Mercoledi Musicale

Our traditions of Advent and Christmas music are based so solidly,if not exclusively, on English and Germanic traditions that we often forget there is a wealth of seasonal music out there from other cultures.  I was fortunate in my childhood to be surrounded by a Polish community and later years live in Warsaw where I was introduced to beautiful Polish carols; and our time in Mexico brought the music of the Pastorelas and Posadas into our lives.  And in Canada I had the good luck to have a friend who worked for years at the fabled Sam the Record Man and if Alan said buy this Christmas album you’ll love it…  you bought it and you really did love it.  And then the oft mentioned Bob Kerr on CBC with his eclectic taste for all things musical.  It was a broad musical education that taught me that Christmas music existed beyond watching shepherds and angels being heard on high.

The Theotokos (Mother of God) appears to St. Romanos and gives him the gifts of “understanding, composition, and hymnography”.

 If I have not ignored music of the Eastern Church than it has certainly  been less explored than that of other cultures.  There is so much out there to discover:  Russian, Slavonic, Serbian and Greek service music; chants of various orders; and historically the music of the Byzantine church.

This anonymous Russian Orthodox chant for Advent is performed by the St.

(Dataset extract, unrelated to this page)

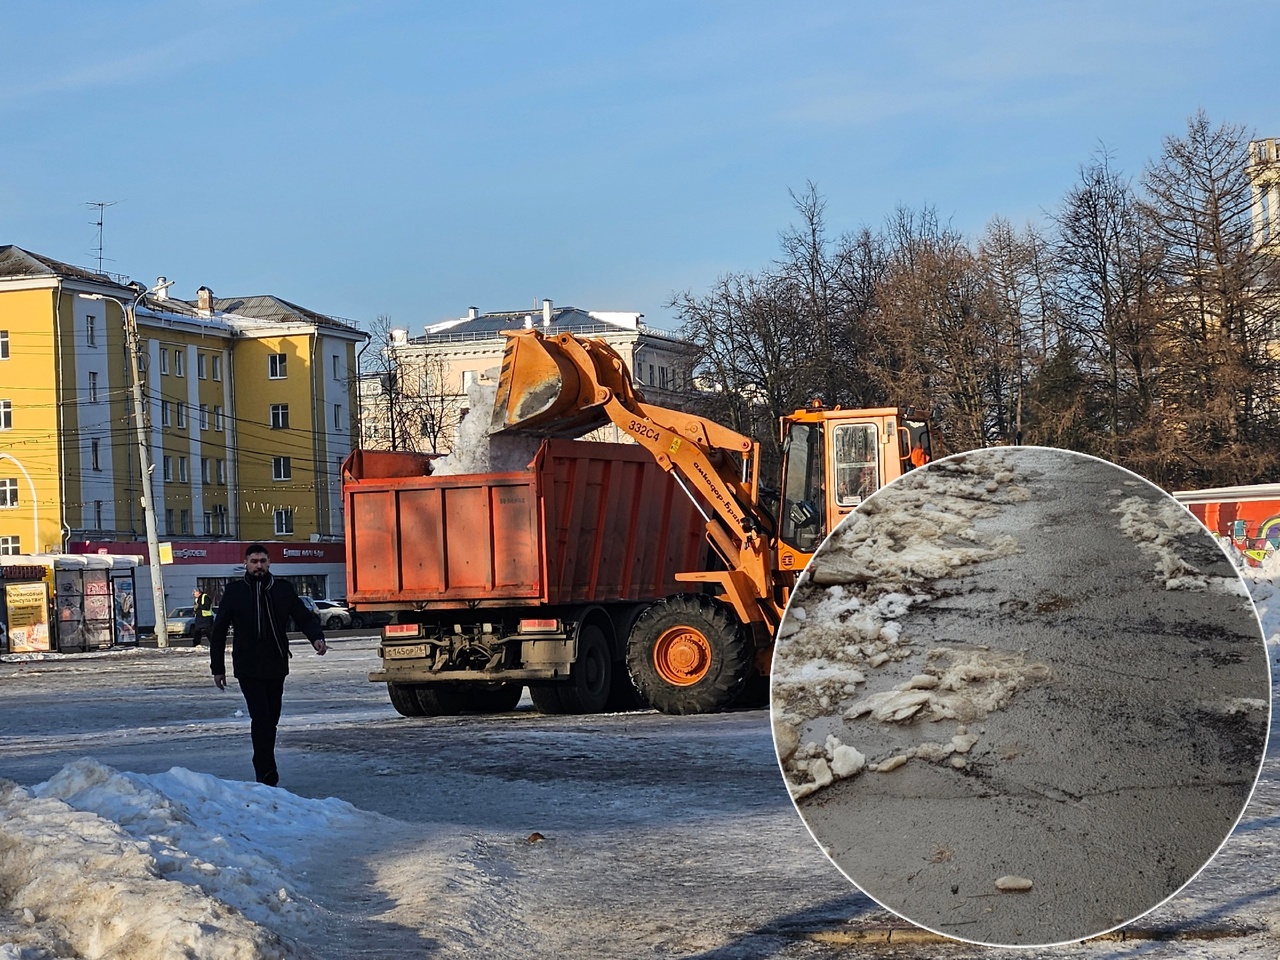 "Варварски почищена": жители Рыбинска жалуются на испорченный снегоуборочной машиной асфальт

Petersburg Chamber Choir conducted by Nicolai Korniev.  The text echos the passage in the Gospel of Mathew concerning the Wise and the Foolish virgins.  I wrote about an America part song telling of the parable last year.

Behold, the Bridegroom comes in the middle of the night,
and blessed is the servant He shall find vigilant;
but unworthy is he whom he shall find neglectful.
Beware therefore, O my soul, lest you be weighed down by sleep, lest you be given over to death and be closed out from the kingdom;
but rise up crying out: “Holy! Holy! Holy are You our God;
through the intercessions of the Theotokos, have mercy on us.

As as side note though I knew that the list of Patronal Saints varied from Church to Church I have remained largely ignorant of those outside my own faith.  I find the story of Saint Romanos, the Eastern Orthodox Patron Saint of Music, a touching one – mocked for his lack of talent, through a miracle his gift for melody and music is unlocked and he shares his gift to bring joy into the world.

On this day in 1707: Last recorded eruption of Mount Fuji in Japan.

Author: Willym

A senior with the heart of a young'un

4 thoughts on “Mercoledi Musicale”

  1. We had an inspirational choir master in the church where I was a chorister for so many years – he made amazing arrangements among which the favourites remain an a cappella version of the Czech ‘Pujdem spolu do Betlema’, with its imitation of visitors to the stable playing various instruments, and the Argentinian ‘A la huella, a la huella’ (if I remember the title correctly). Certainly broadened our horizons in addition to the Polish and French carols in Willcocks’s ‘Carols for Choirs’.

    Scandinavian numbers can be beautiful, too. And I can’t believe I’ve lived so long before hearing a Swedish Santa Lucia concert – which I did last week in Orebro. Moving to tears.